Universal Music Group (UMG) announced a new streaming deal today with French music service Deezer that aims to direct more listener payouts toward professional artists. The changes will essentially count a single listen as two listens on popular tracks, giving them more revenue than smaller ones. Currently, platforms like Apple Music and Spotify (and Deezer) generally divide payments based on total listens, regardless of what the track is or who made it.
In the new deal, “professional artists,” from big stars like BTS and Billie Eilish to up-and-coming bands, will effectively see payout increases of 10 percent, the Financial Times reports. To qualify for the increased payouts, artists need a minimum of 1,000 streams per month by at least 500 separate users. The values can double again to the equivalent of four streams if users actively search for specific artists and tracks to play.
Deezer CEO Jeronimo Folgueira says that the deal is the “most ambitious change” to the economies of music streaming since it first started. “There is no other industry where all content is valued the same, and it should be obvious to everyone that the sound of rain or a washing machine is not as valuable as a song from your favorite artist,” Folgueira says in a press release.
Deezer will demonetize tracks detected as non-artist ambient noise, and the company is looking to replace them with a new in-house library of sounds. Deezer says it will not collect any royalties on the upcoming noise tracks.
According to the press release, UMG and Deezer’s “artist-centric” deal helps protect streaming royalties for artists by essentially disincentivizing amateur tracks and unauthorized uploads. Deezer says about 7 percent of streams in 2022 were detected as fraudulent by its systems, which identified fake accounts and payment fraud. Deezer will launch the new model this year in France in Q4 and will roll it out to other markets later.

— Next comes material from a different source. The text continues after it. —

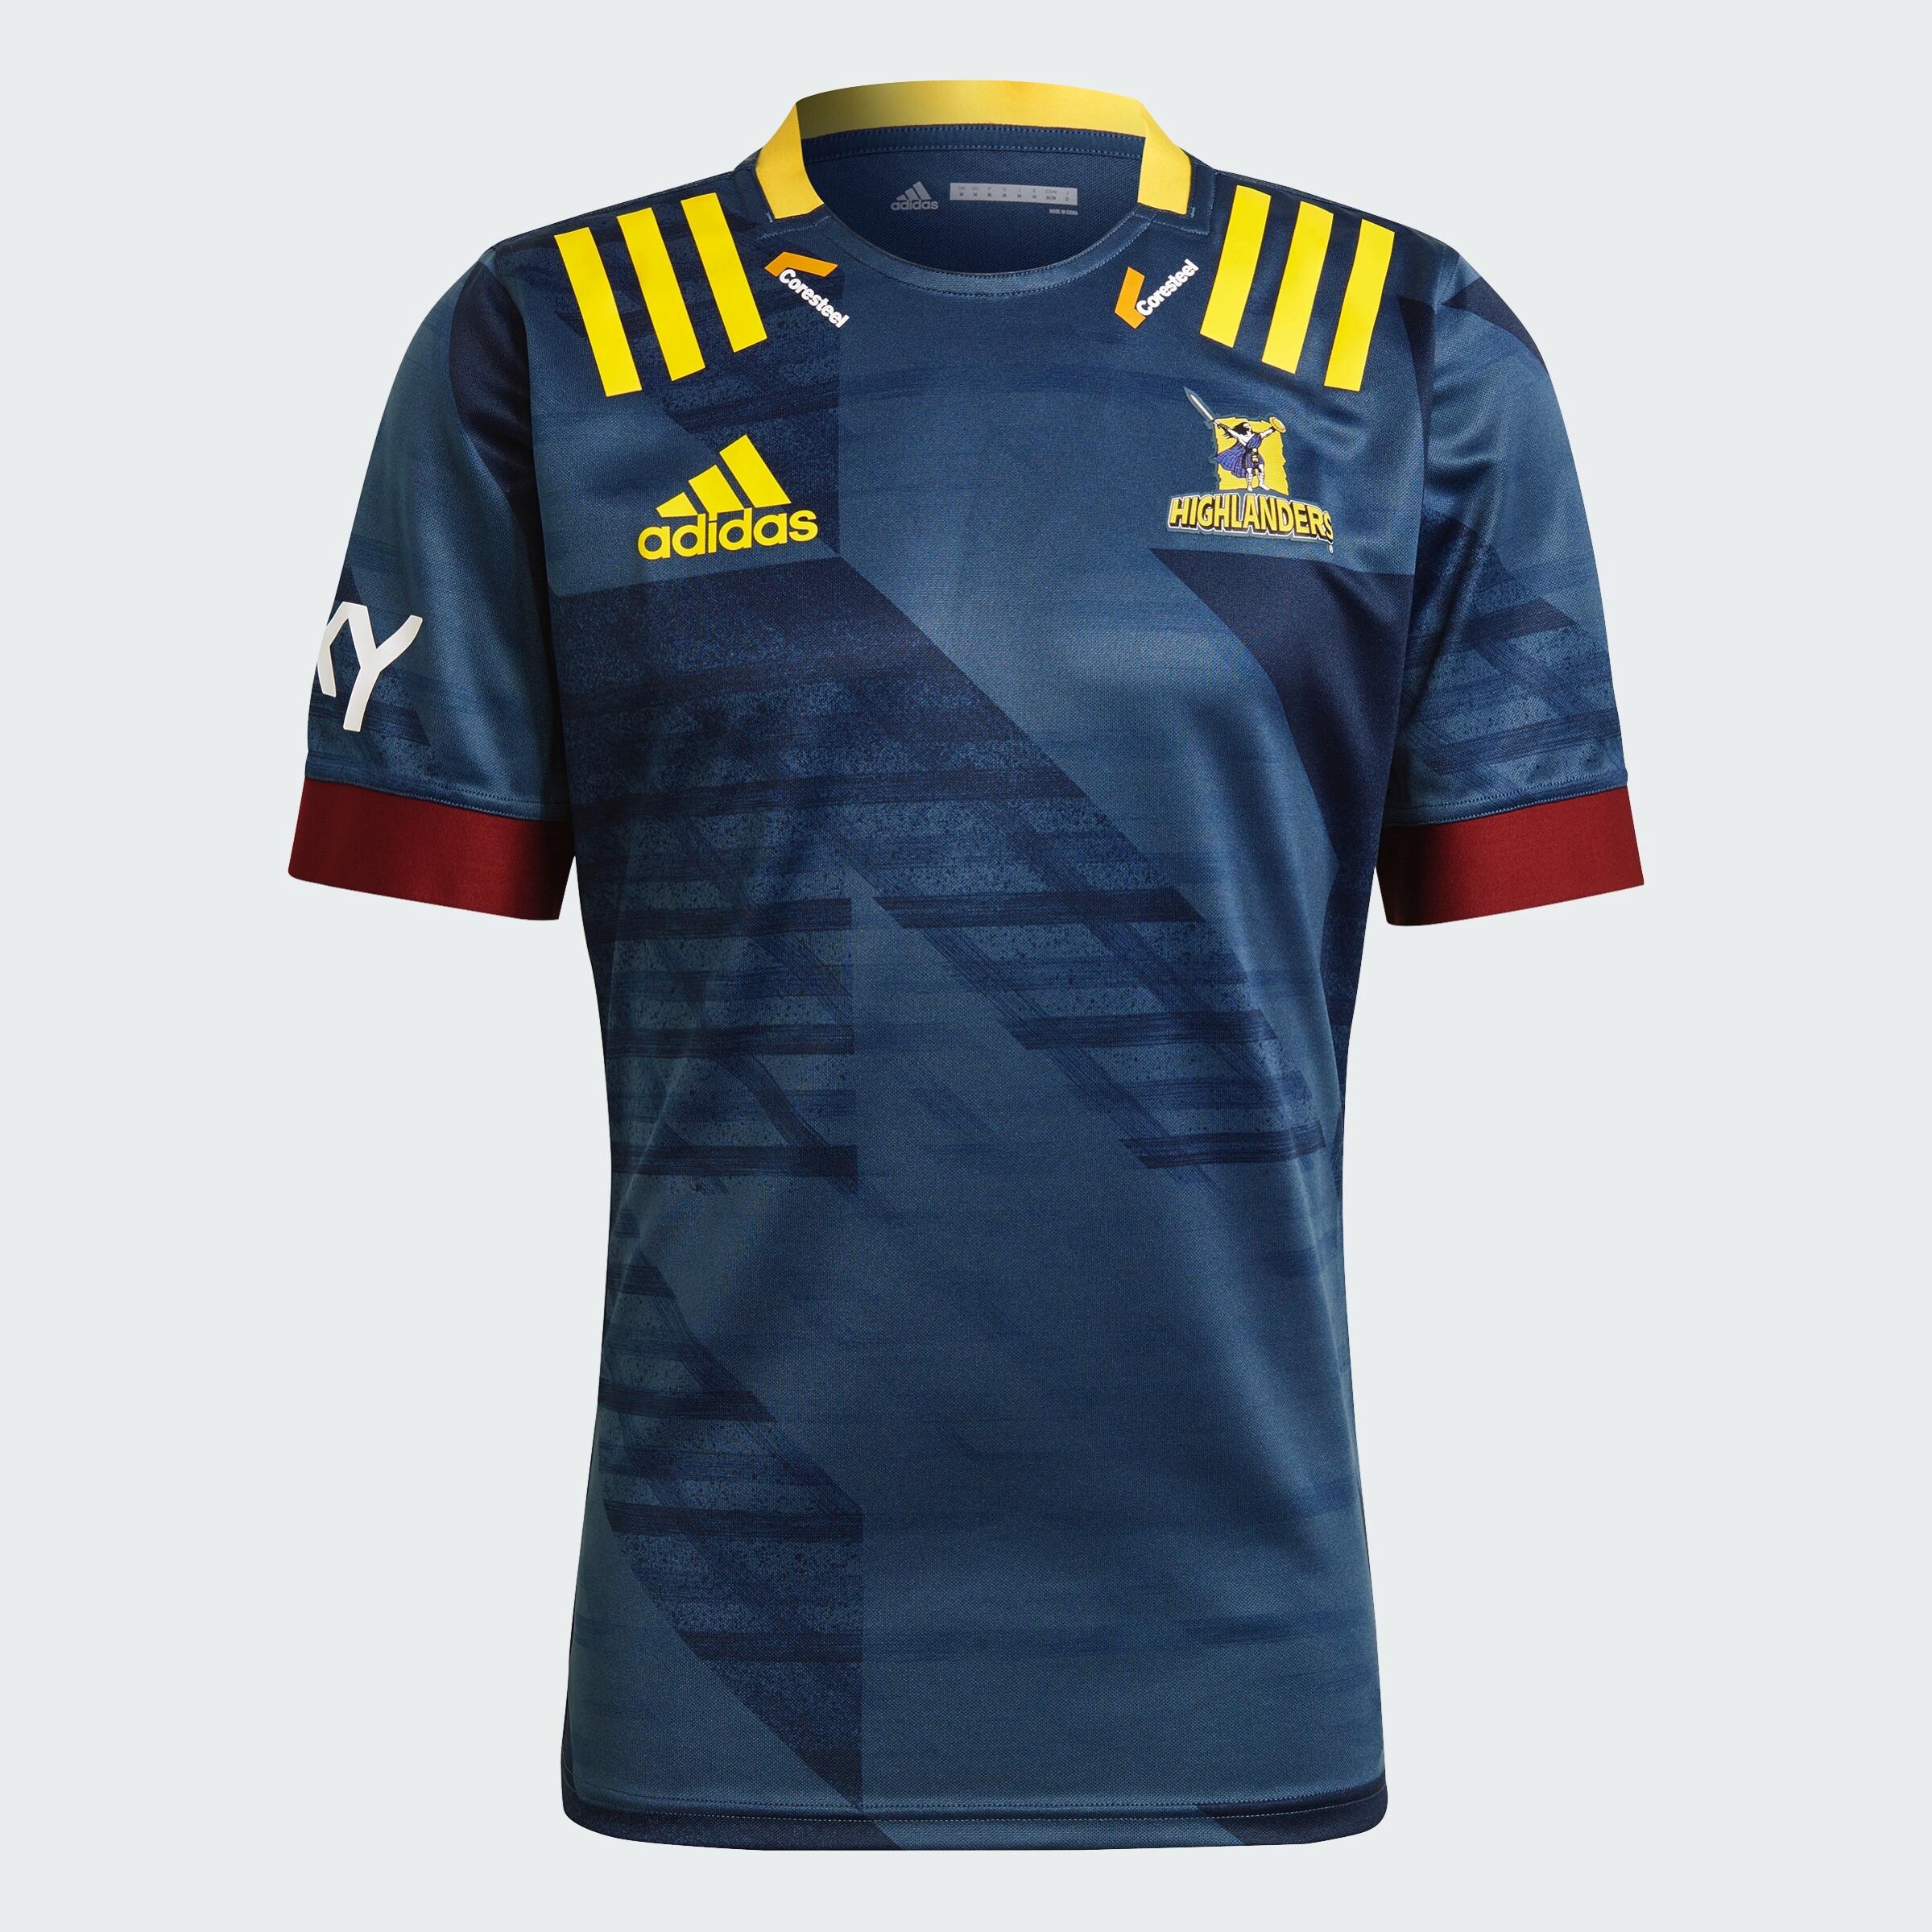 adidas Highlanders Mens Home Rugby Shirt GT7547 Blue 1/1

In an email to The Verge, Folgueira shares that the deal might go beyond just UMG:
We have several other labels signing up to the new model as we speak, and therefore we expect to have more content providers on board by the time we start. Our intention is to have achieved a full rollout with all providers and countries in 2024.
The popularity of streaming music hasn’t entirely translated to deeper pockets at record companies. Goldman Sachs Research data published in July finds that streaming music consumption has increased 2.5 times since 2017, but revenue per stream has fallen 20 percent in the same timeframe.
Deezer and UMG will collaborate on adjusting the payout models over time, which could have a ripple effect on other streaming provider deals. SoundCloud is another music streaming service that’s toying with payouts as well with its “fan-powered royalties” model, which has Warner Music Group on board. That model divides each subscriber’s payments among the artists they actually listen to, rather than combining all subscription revenue into a single pool to be shared by every artist.